1
votes

I am trying to fit OPTICS clustering model to my data using python's sklearn

from sklearn.cluster import OPTICS, cluster_optics_dbscan
from sklearn.preprocessing import StandardScaler

x = StandardScaler().fit_transform(data.loc[:, features])

op = OPTICS(max_eps=20, min_samples=10, xi=0.1)
op = op.fit(x)

From this fitted model, I get the reachability distances (op.reachability_) and the ordering (op.ordering_) of the points and also the cluster labels (op.labels_)

Now, I want to check how the clusters would vary by changing the parameter xi (0.01 in this case). Can I do this without fitting the model again and again with different xi's (which takes a lot of time)?
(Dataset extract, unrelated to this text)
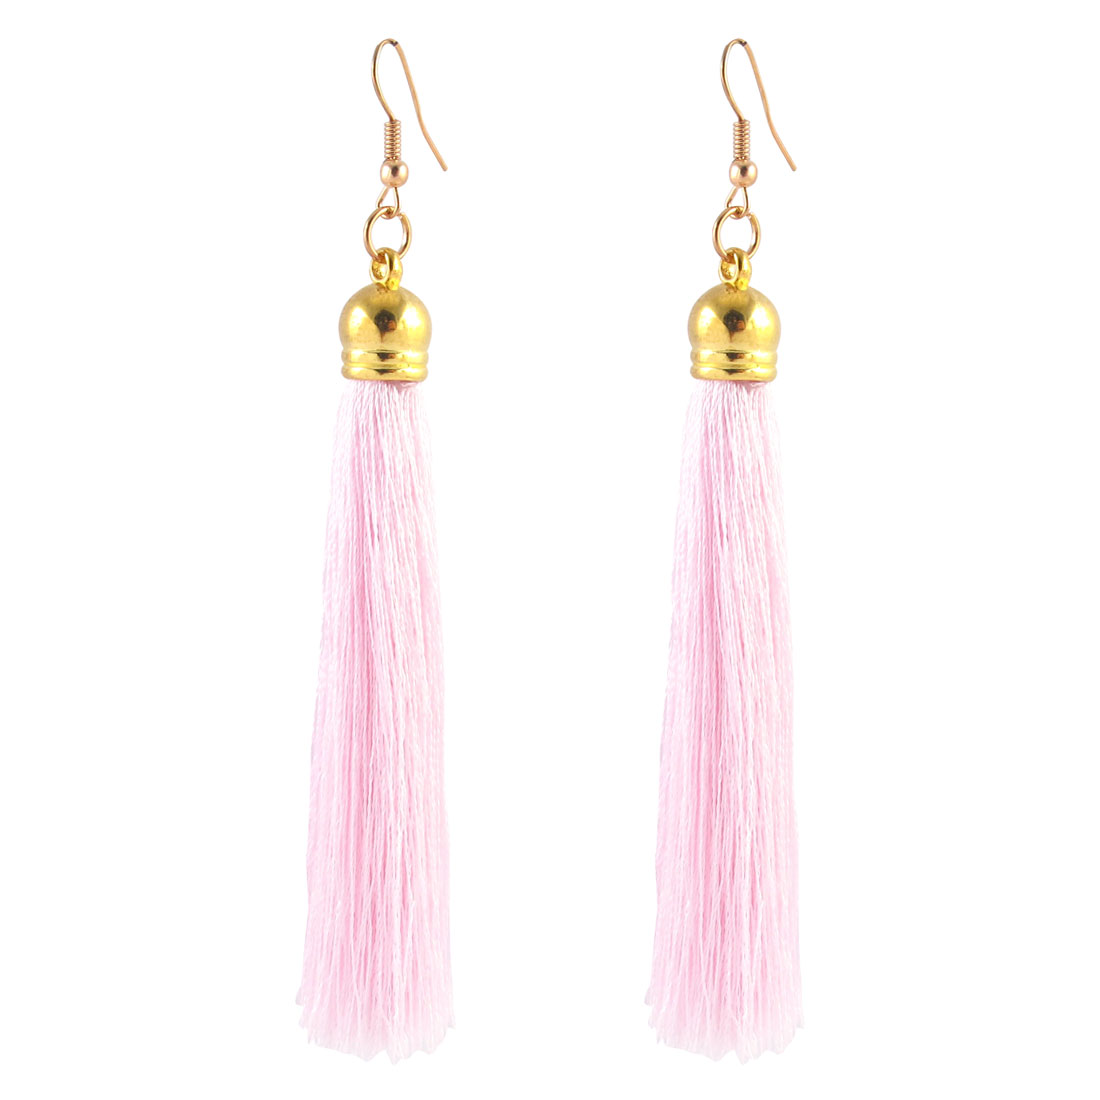 Lady Boho Style Tassel Charm Bead Detail Fish Hook Earrings Eardrop Pair Pink

Or, in other words, is there a scikit-learn function that takes the reachability distances (op.reachability_), the ordering (op.ordering_) of the points and xi as input and outputs the cluster labels?

I found a function cluster_optics_dbscan which "performs DBSCAN extraction for an arbitrary epsilon given reachability-distances, core-distances and ordering and epsilon" (Not quite what I want)

1

1 Answers

1
votes

A priori, you need to call the fit method, which is doing the actual cluster computation, as stated in the function description.

However, if you look at the optics class, the cluster_optics_xi function "automatically extract clusters according to the Xi-steep method", calling both the _xi_cluster and _extract_xi_labels functions, which both take the xi parameter as input. So, by using them and refactoring a bit, you may be able to achieve what you want.